Segundo a classificação proposta por Carvalho (2008, p. 129), os danos ambientais futuros dividem-se em danos ambientais futuros propriamente ditos e as consequências futuras de danos ambientais já concretizados.

O dano ambiental futuro propriamente dito caracteriza-se pela existência de alta probabilidade ou de uma probabilidade determinante de ocorrência de lesões ambientais consecutivas, que se manifestam como um desdobramento natural de determinada conduta adotada no presente (CARVALHO, 2008, p. 129).

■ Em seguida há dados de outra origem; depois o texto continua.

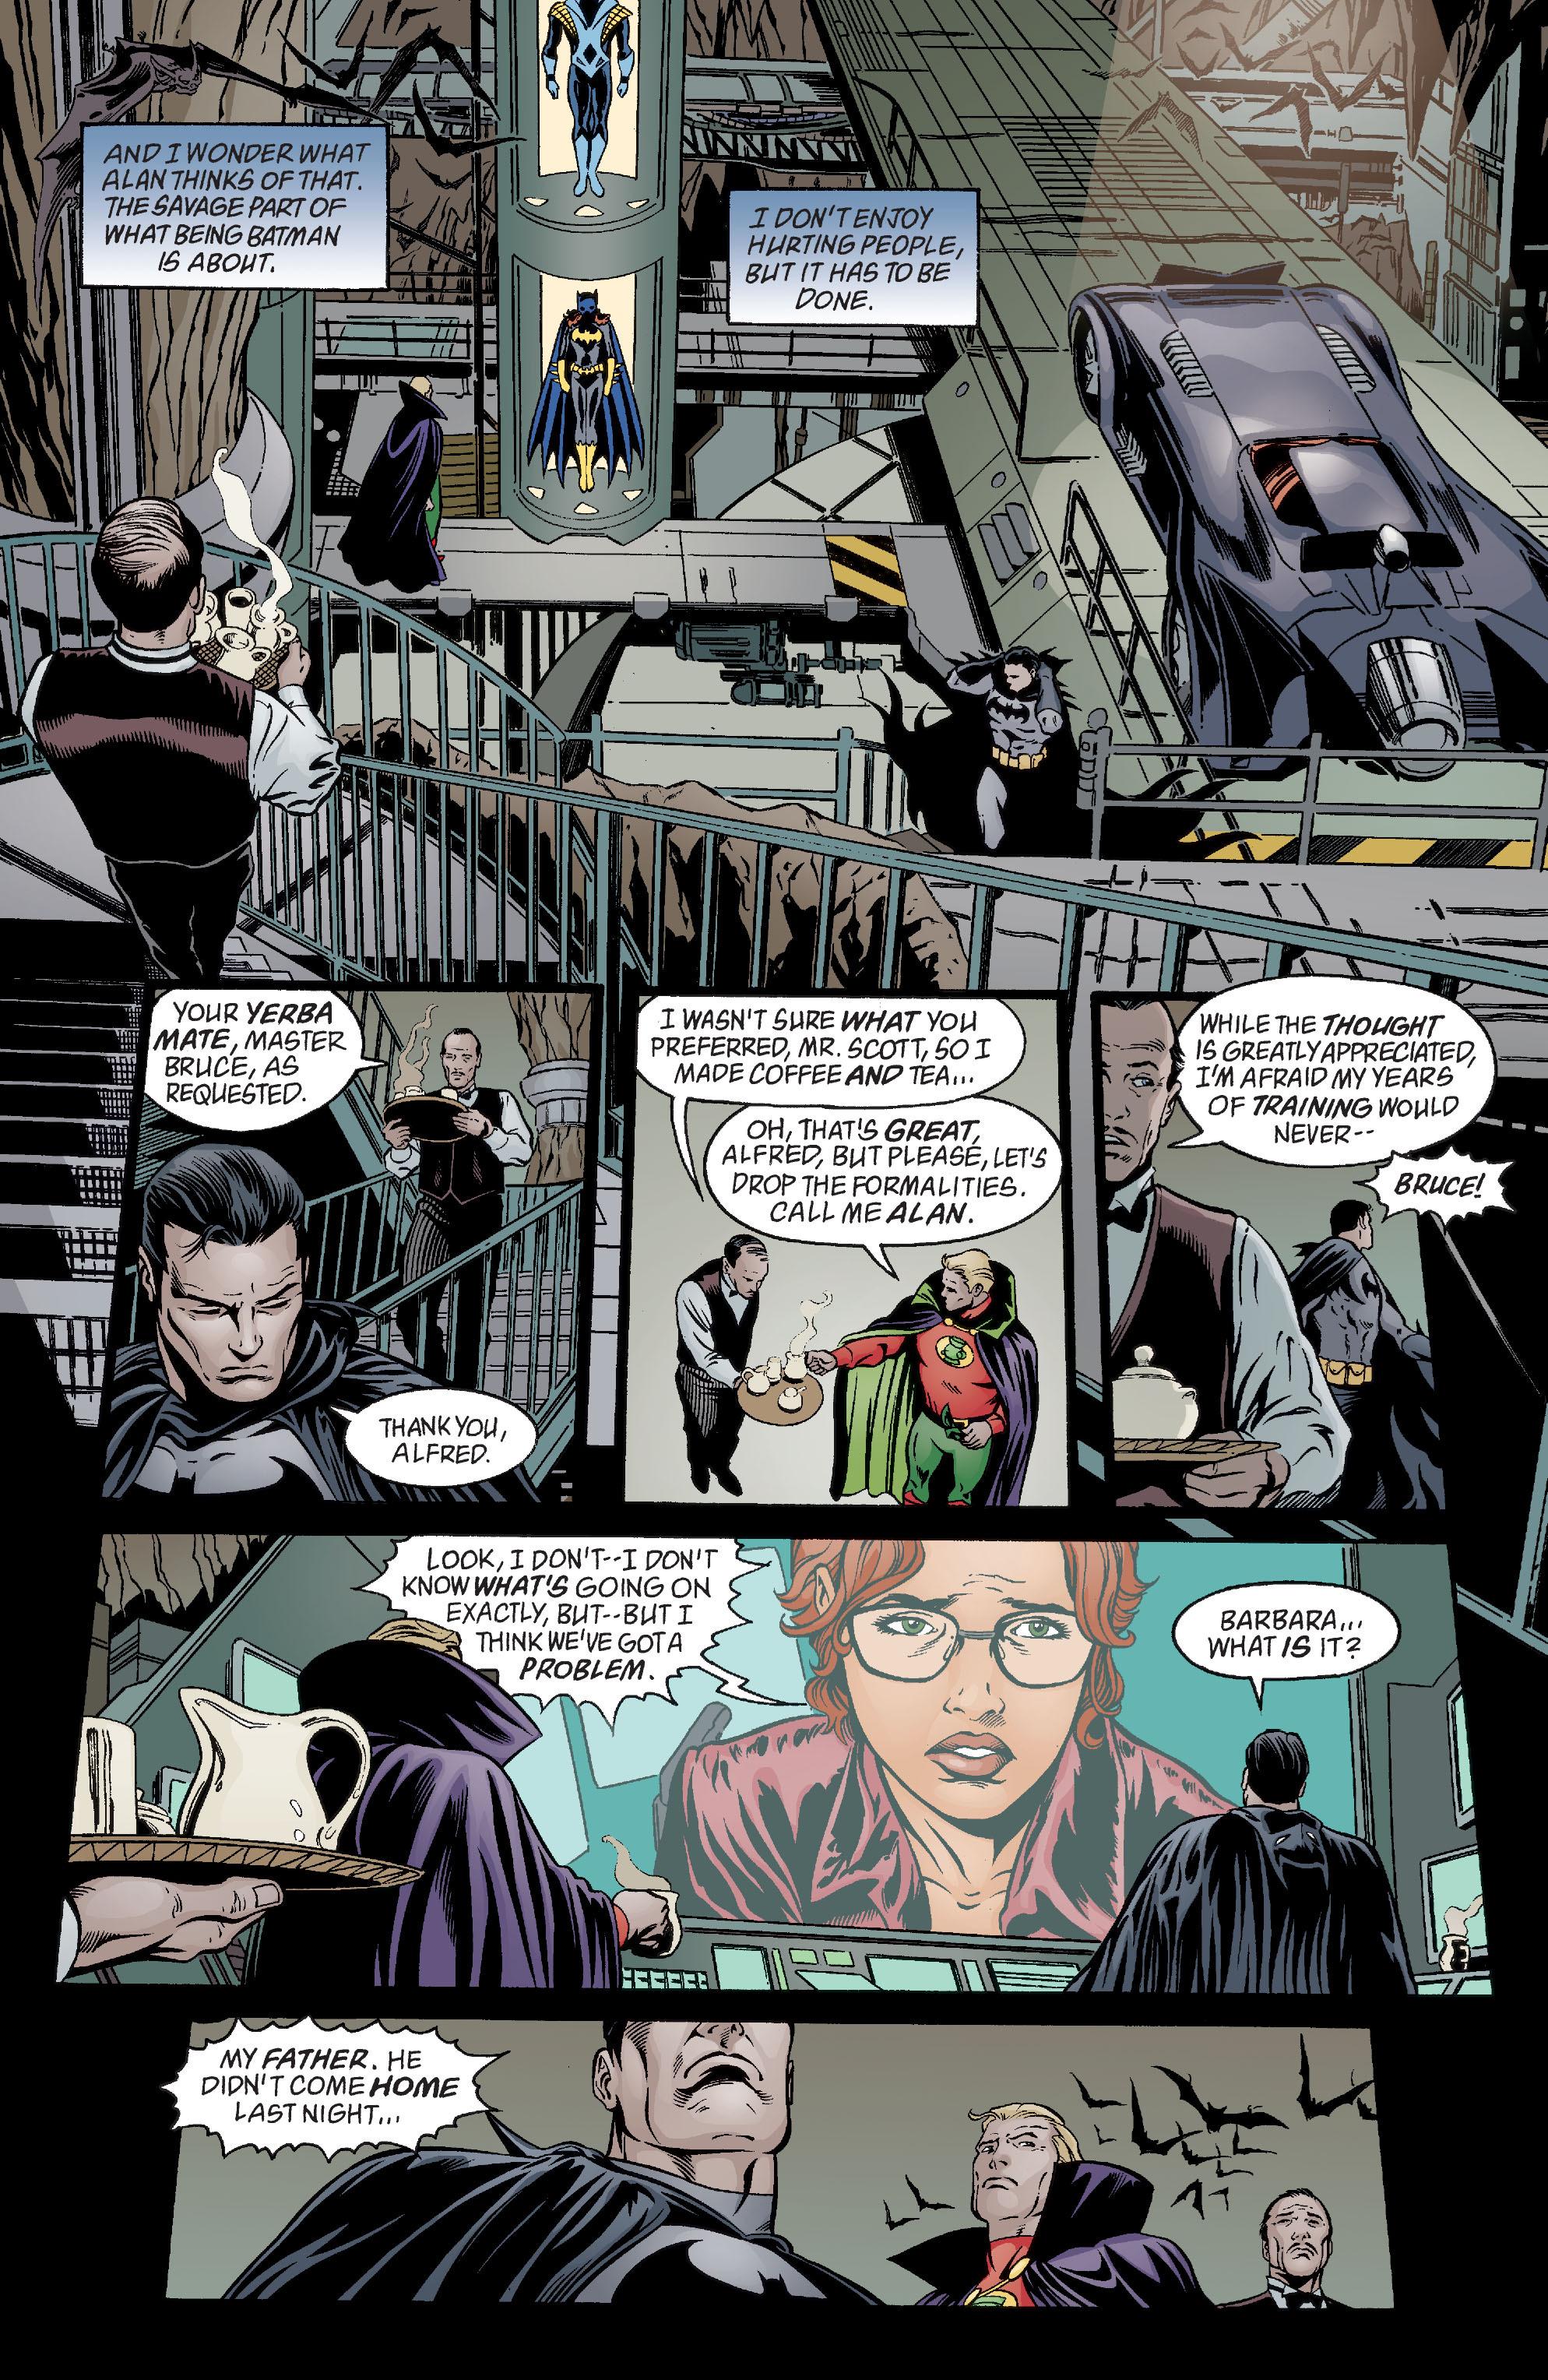 Psychology of Bruce Wayne EiM-p4b_MwDox93UQRtT3FkLh8o5j48eBPeGkOffVUHr5SrR2uFHmAgHrF28UvYiExCwr1JrxU64=s0

Já a segunda espécie consiste em danos evolutivos que, em razão do caráter cumulativo e progressivo das perturbações ambientais, materializam-se como resultados futuros de um dano atual (CARVALHO, 2008, p. 129).

O autor lembra que a incerteza científica é elemento constituinte do processo de tomada de decisão em ambas as espécies de dano ambiental futuro e, por essa razão, a sua avaliação só é possível a partir da aplicação do código probabilidade/improbabilidade (CARVALHO, 2008, p. 129).

Dessa forma, além de desencadear ações preventivas, o dano ambiental futuro pode ser incluído na reparação sempre que o juiz possa estimar no plano causal, a partir de um juízo de alta probabilidade científica, a possível ocorrência de um prolongamento ou agravamento futuro de um dano atual ou da produção de um dano novo e distinto, que surja como consequência do mesmo evento que deu origem à lesão atual.

Na determinação dos danos ambientais futuros, a realização de perícias e as técnicas de presunções e indícios jogam um papel primordial na sua identificação, pois é por meio delas que se chega a uma quase certeza, o que é juridicamente suficiente para estabelecer o direito ao ressarcimento.